Well 2 and 1/2 wks.But they are in peep heaven since we put them in the pen outside pen is 10 X 10 8ft tall.They have their little perches ,little 3 walled place with heat lamp.Daytime they run all over the place.It sure did save us a lot of work too,cleanign up theri brooder.

We ordered 20 ,lost one and the other 19 are growing like weeds.

10 Dominiques hens and 9 barred rock roos.Ordered from Ideal Poultry .

We already have 5 B.R hens that are 2 years old.We get plenty of eggs and a couple of neighbors help us with feed for eggs.All free range all day.


----------



## The_Blob (Dec 24, 2008)

Meerkat said:


> Well 2 and 1/2 wks.But they are in peep heaven since we put them in the pen outside pen is 10 X 10 8ft tall.They have their little perches ,little 3 walled place with heat lamp.Daytime they run all over the place.It sure did save us a lot of work too,cleanign up theri brooder.
> 
> We ordered 20 ,lost one and the other 19 are growing like weeds.
> 
> ...


WHY so many males? :dunno:


----------



## Meerkat (May 31, 2011)

The_Blob said:


> WHY so many males? :dunno:


We wanted to pick out the best roo plus we can sell them to feed store.And they always send roos for warmth to keep hens alive in shipping.or thats what we hear anyway.

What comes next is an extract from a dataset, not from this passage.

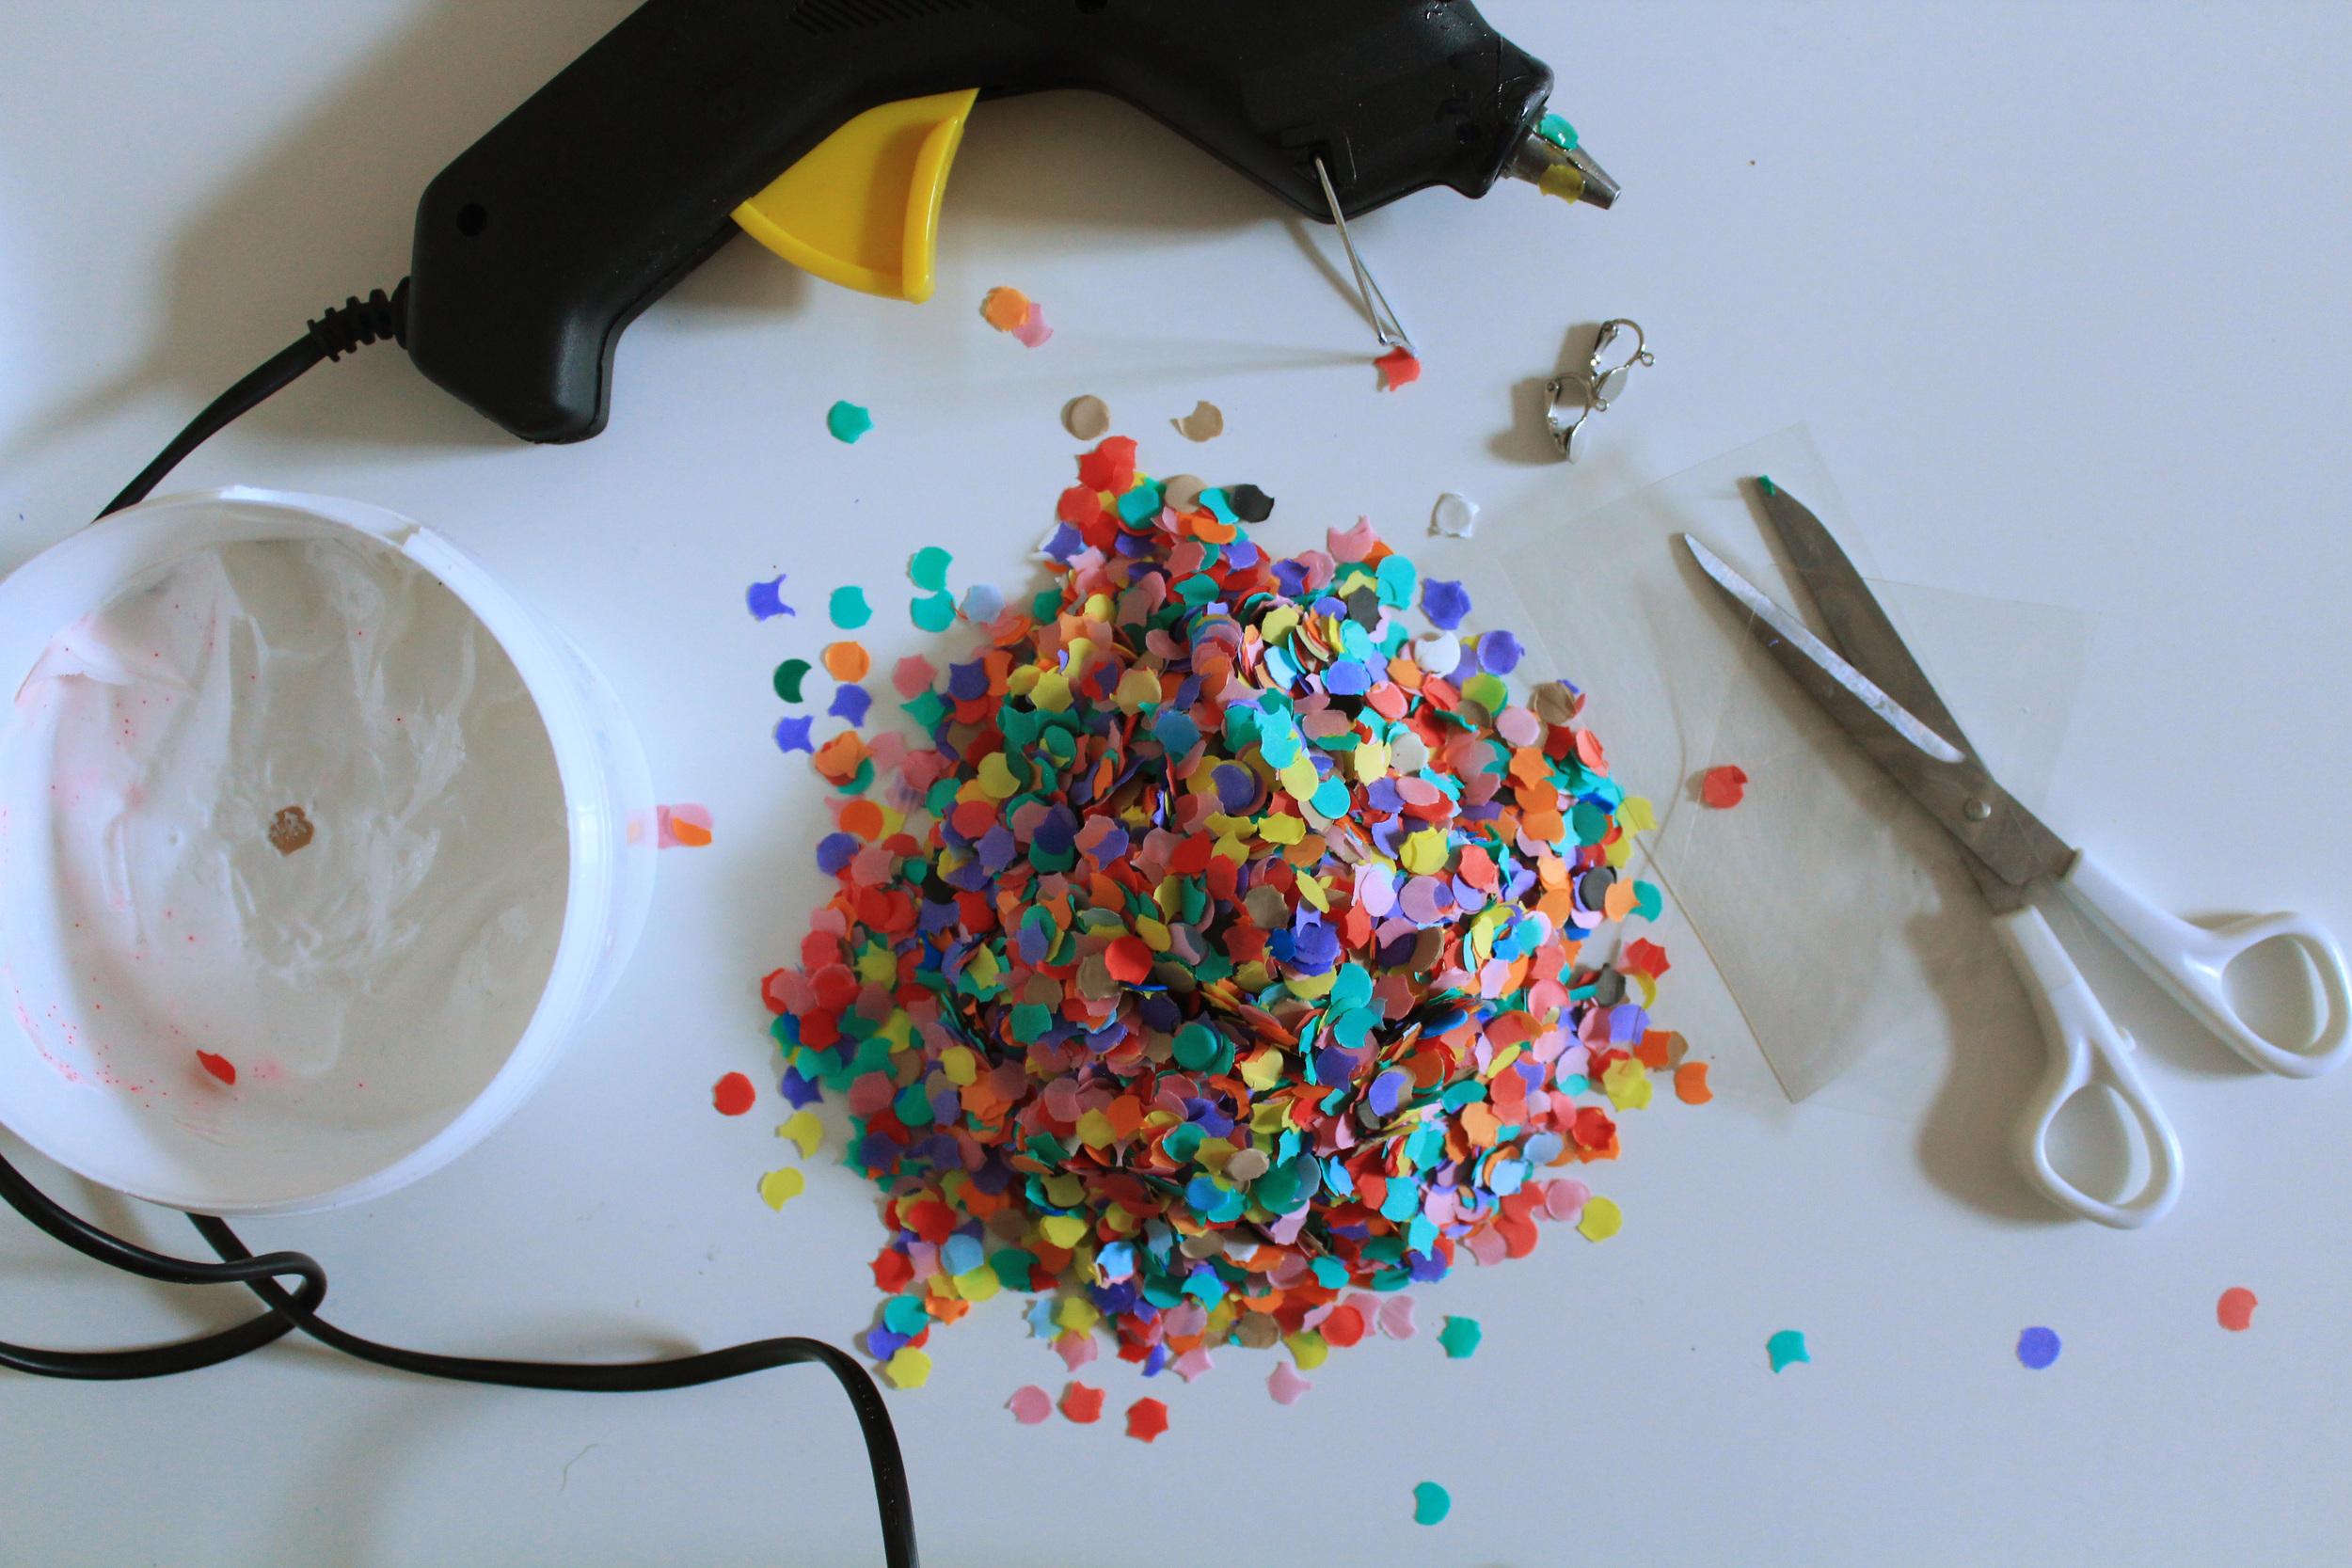 Χειροποίητα πολύχρωμα σκουλαρία με κομφετί Υλικά | In Whirl of Inspiration

We were going to eat the roo but thats not looking too promising now.I have to get more hungry I guess.Hubby lived on farm,I'm city slicker who lived in country and saved animals,while they were eating them..He said buck and I said Bambi.


----------



## Jason (Jul 25, 2009)

Meerkat, your roosters will just eat and eat with no return on the investment. You'll see it in your bottom line. Perhaps you'll be less sentimental when they eat you out of house and home. It's your place so by all means it's your choice. Congrats on the new birds and I'm sure they'll be lots of fun for you two.


----------



## AuroraHawk (Sep 12, 2012)

Do you plan to start hatching your own chicks? If you don't, there isn't a need for any roosters.

If you really can't abide having your husband butcher those roosters, sell them or give them away.


----------